Dataset excerpt »
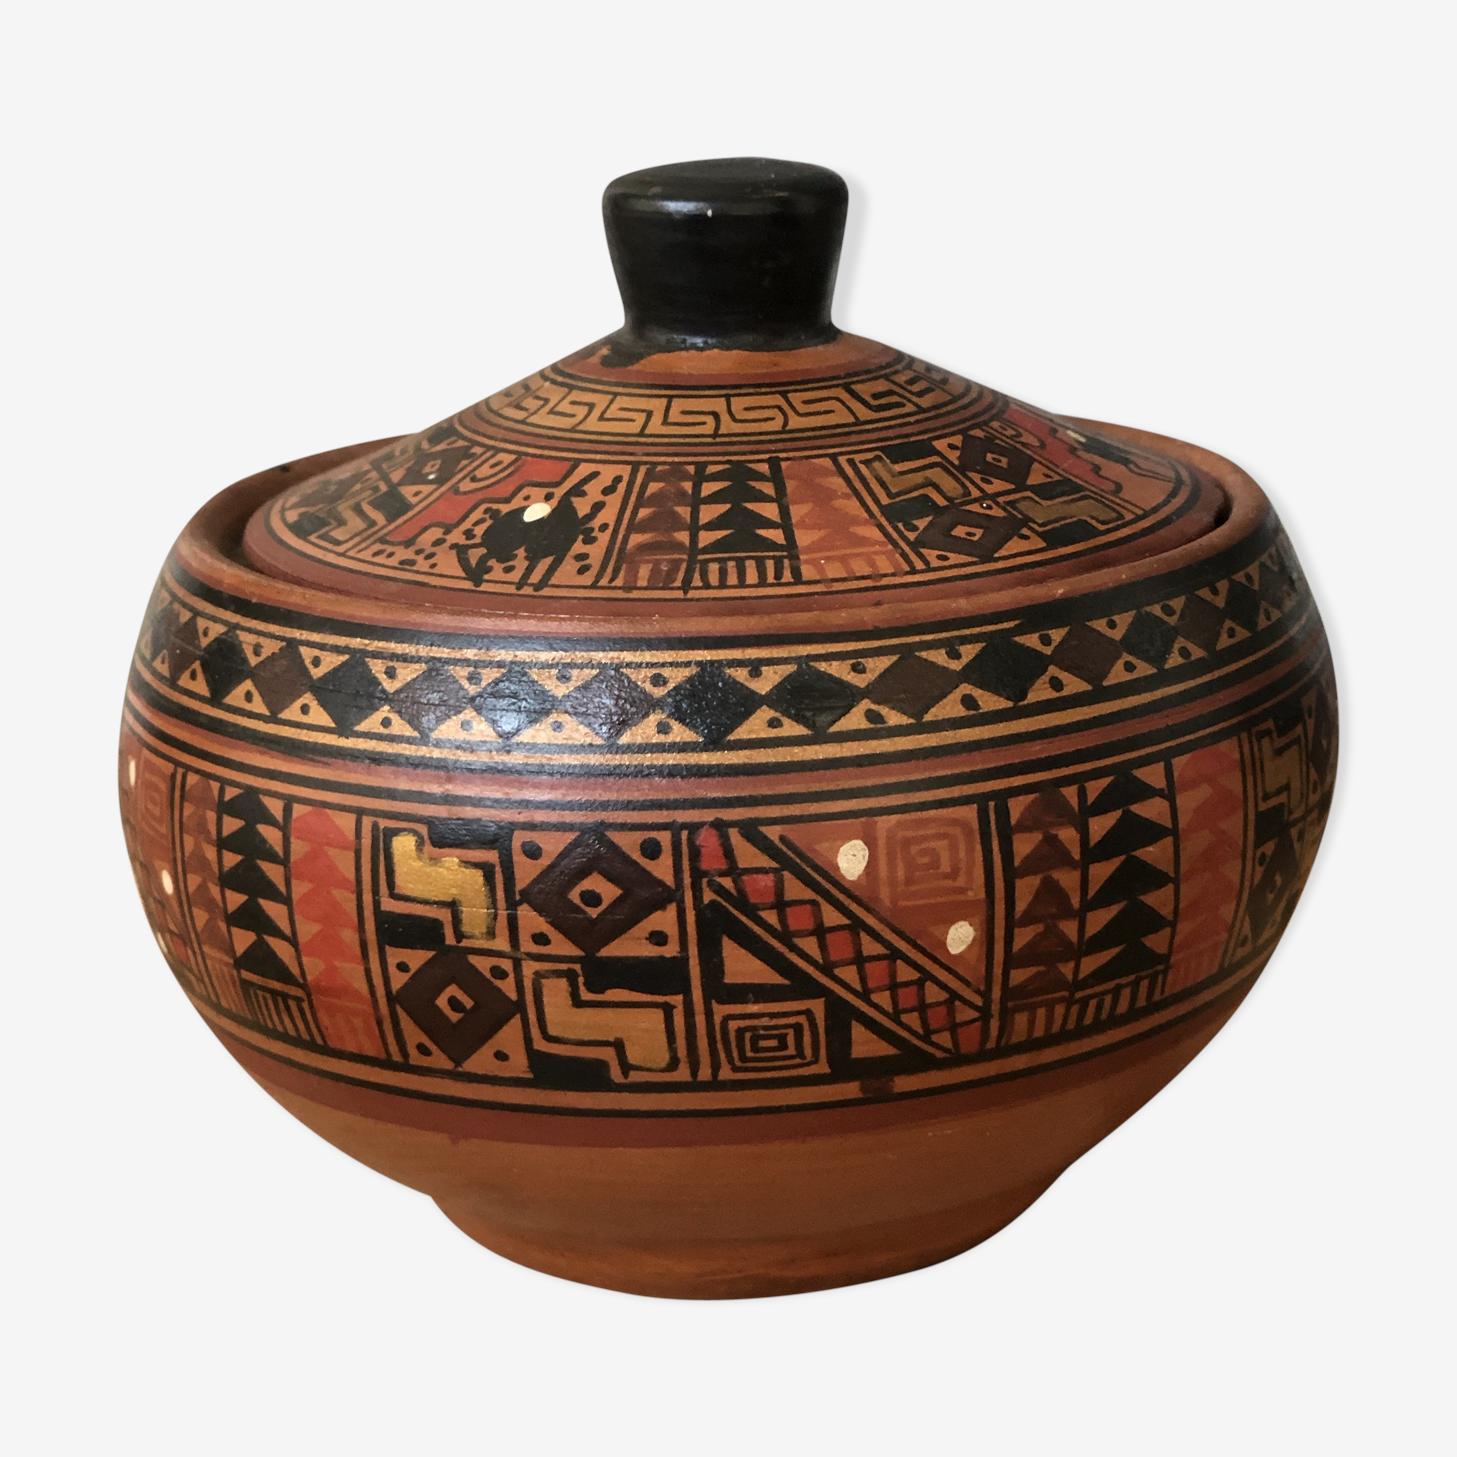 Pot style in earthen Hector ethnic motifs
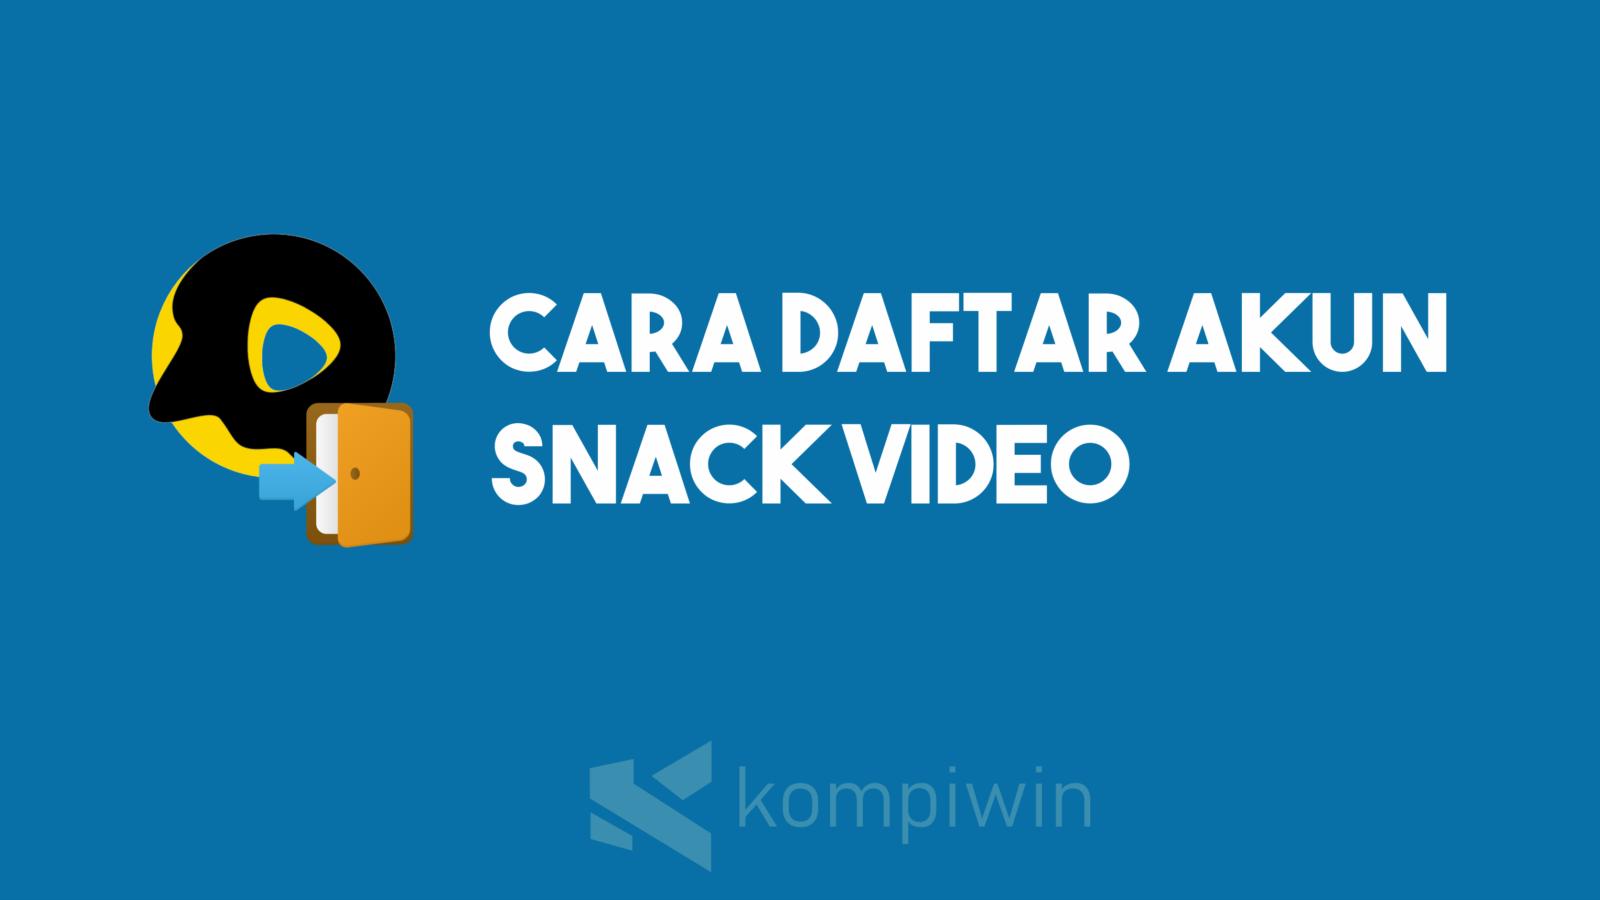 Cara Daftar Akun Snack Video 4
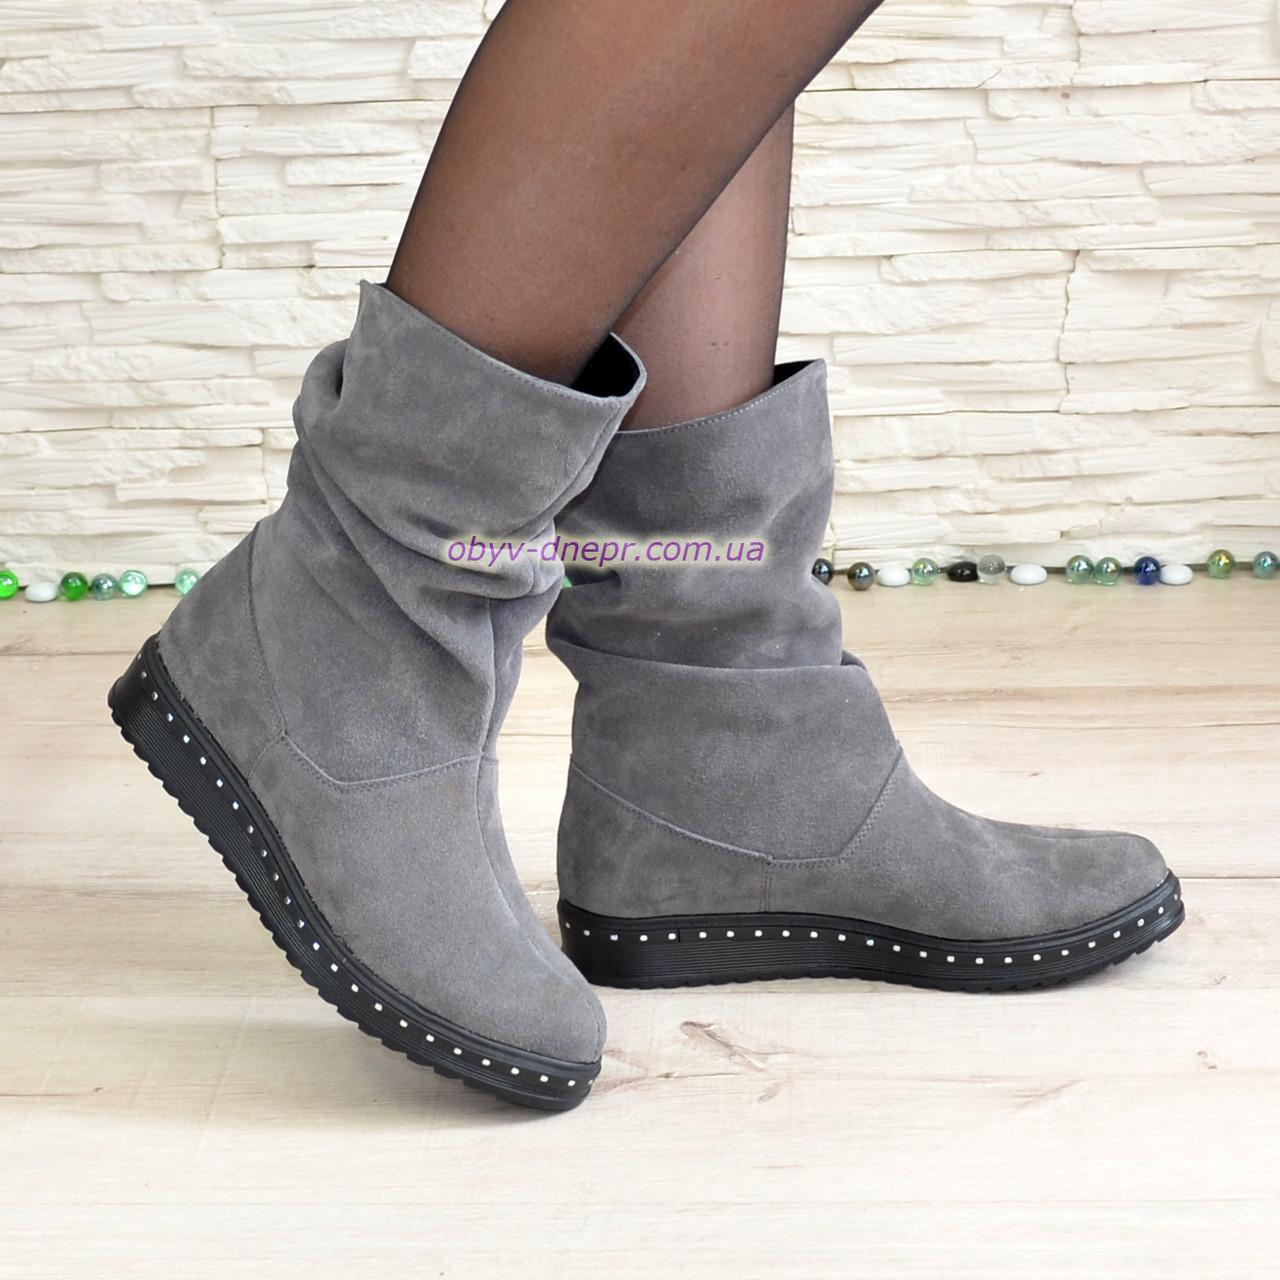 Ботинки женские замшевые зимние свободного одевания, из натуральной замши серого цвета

Assignment » The data above are to be repeated word for word, with any pictures left out.

Task response »
 Pot style in earthen Hector ethnic motifs
 Cara Daftar Akun Snack Video 4
 Ботинки женские замшевые зимние свободного одевания, из натуральной замши серого цвета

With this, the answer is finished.